It’s been a while since I read a book that I really wanted to write about, I been reading a lot for my course and aside from that just a few ‘easy reads’ to relax. A couple of weekends ago though I brought a book, and then I sat down and read the book all within 24 hours, I simply could not put it down. This book was called ‘From Here to Eternity: Travelling the World to Find the Good Death’ by Caitlin Doughty. I reviewed Doughty’s debut book here which was an exploration of her time in the ‘death industry’ and included a lot of reflection on how her home country, America, has a major issue with facing mortality and death.
Her second book is split into chapters each of which explore a different country’s treatment of their dead. Doughty traveled around the world, literally staring mortality in the face. She traveled to many places including America’s only open air pyre (a type of cremation that is more natural and involves the mourners in the process of placing juniper boughs on the flames), a futuristic columbarium in Japan and Mexico’s Day of the Dead festival. Doughty writes about death with a refreshing frankness, a morbid sense of humour, an engaging sense of curiosity, and a beautiful sensitivity.
There is little more I can say about this book than emphasize that I literally finished all 250 pages in two sittings, and if I didn’t have a friend coming over for tea on Sunday night I probably would have finished it in one sitting. I feel like this book could change your life and change your death.

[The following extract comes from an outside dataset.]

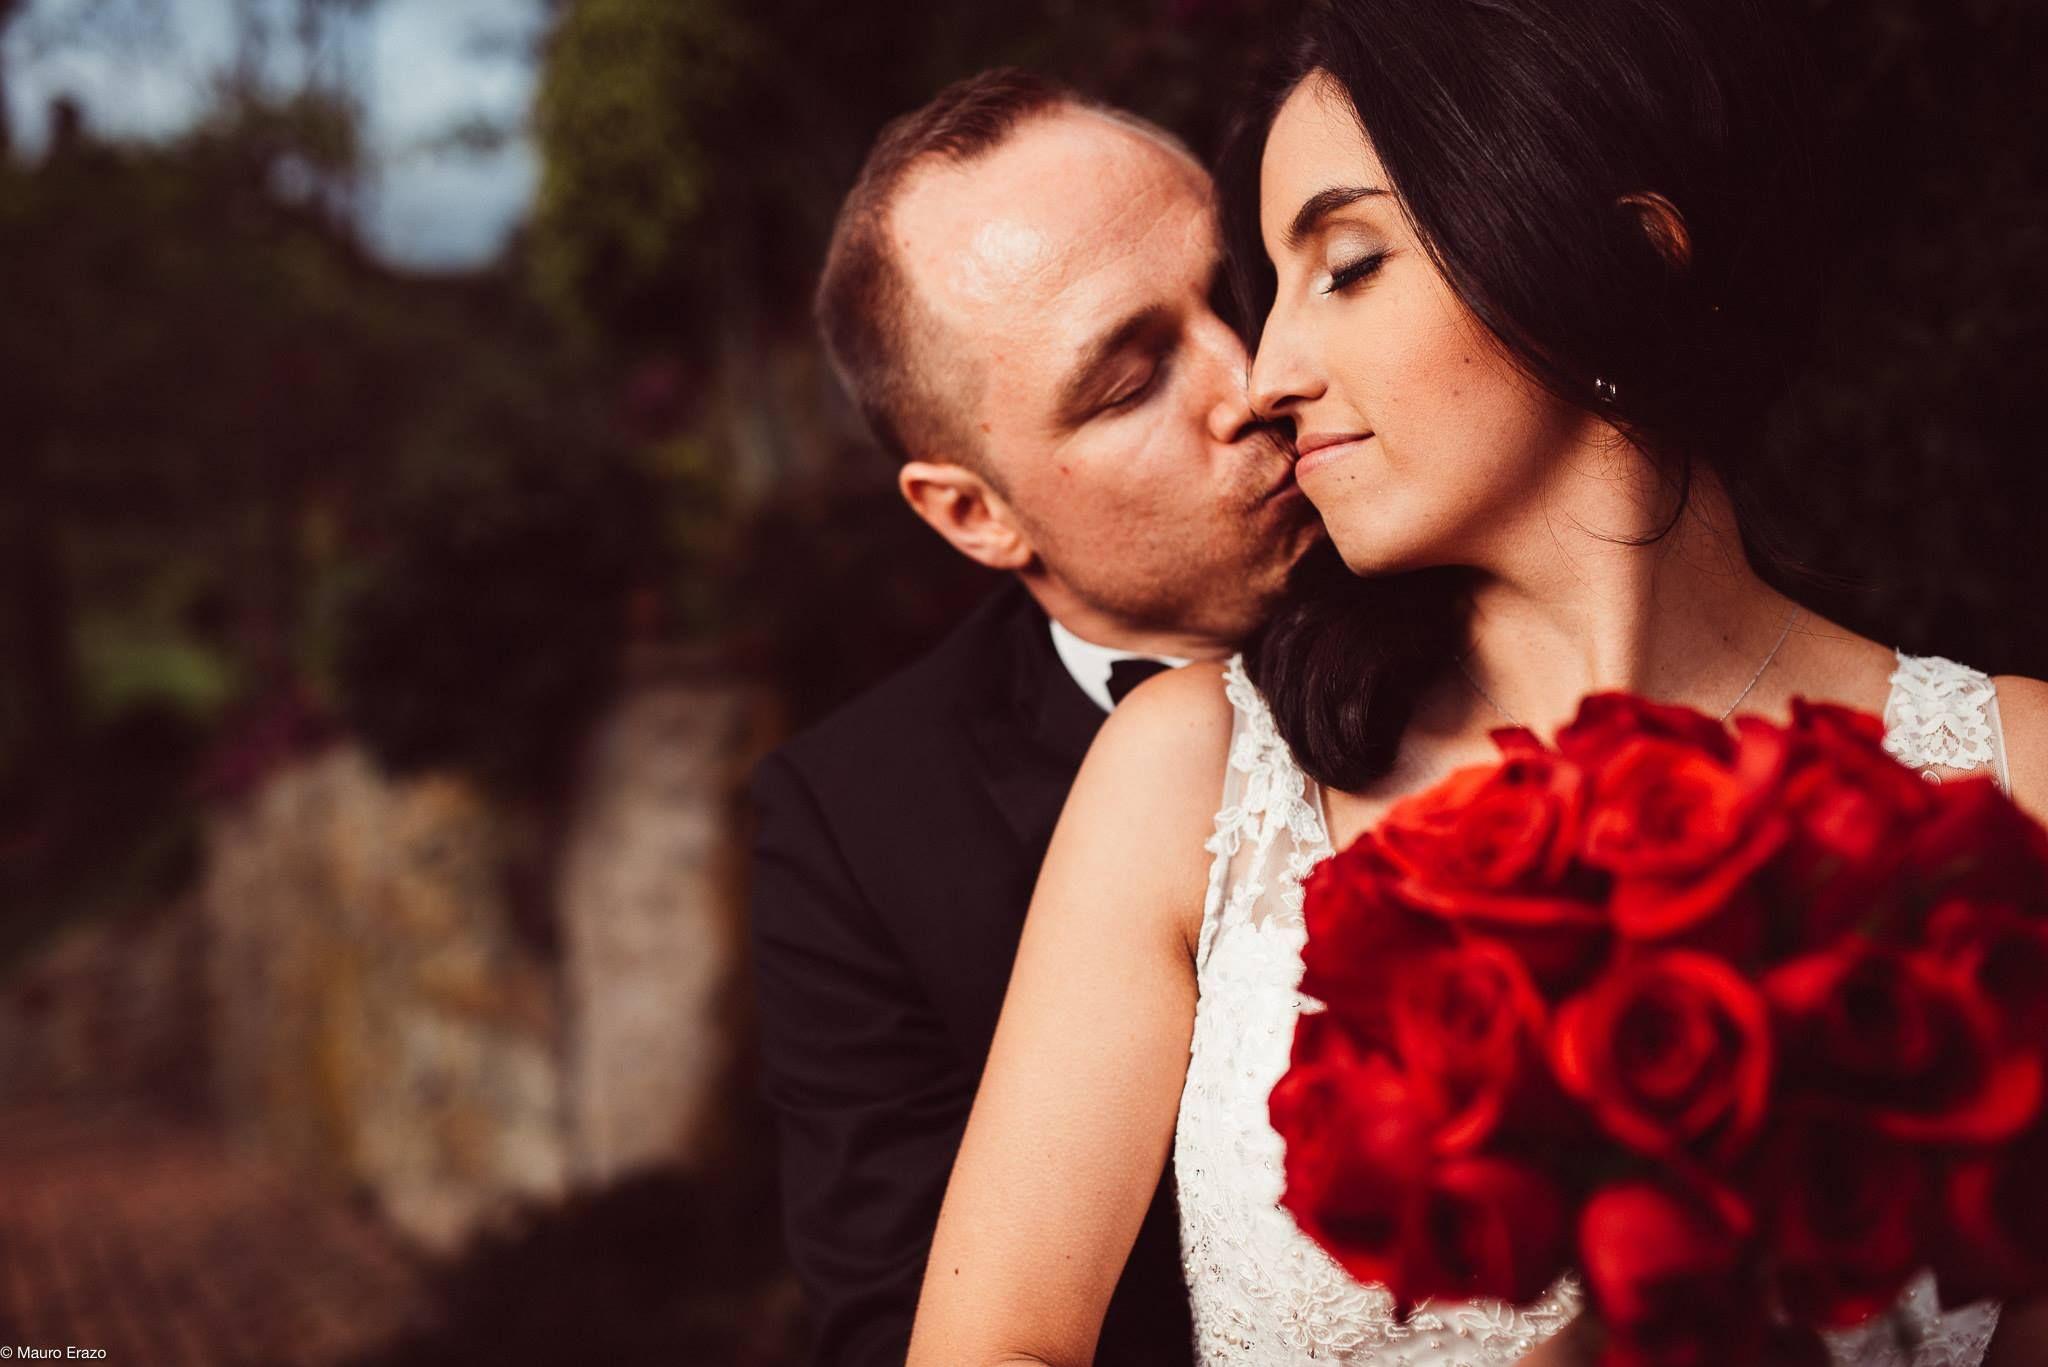 Stephan & Marcela.. Sigueme para ver más imágenes. https://www.facebook.com/MauroErazo.Photo #Meerph #Boda #Amor #Love #Wedding #WeddingDay #Bride #BrideInspiration

One chapter in which Doughty wrote about her travels to Bolivia inspired me to write a poem about the festival she described the ‘Fiesta De Las Natitas’, in which human skulls are celebrated as miracle bringers to the family that care for them. Many of these skulls are from medical schools, archaeological sites, and graves in which the lease has run out – meaning that the family that cares for them give them a new name, a new life after life. To read more about the festival see this article on Doughty’s website.
Fiesta de las Ñatita
A skull saved from medical waste,
Renamed, becomes a friend,
a watcher, a dream-maker, a wish-granter.
At the dental school he was specimen,
Unnamed cranium, jawbone and teeth;
Now Miguel is kin, cared for, esteemed.
He became ñatita, a pug-nosed one,
Stained skull haloed with a flower crown,
Fresh blooms brighten darkened bone.
There are thousands of his kind,
A sightless, voiceless festival crowd,
Passed from arm to arm, heart to heart.
A cigarette perched in his non-existent lips,
Velvet cushion home covered in candy,
In the wooden shrine-come-carry case.
Miguel blesses. Miguel is blessed.
A defiant friendship across the line
Of time and space and death itself.
An endless bond does not take sides.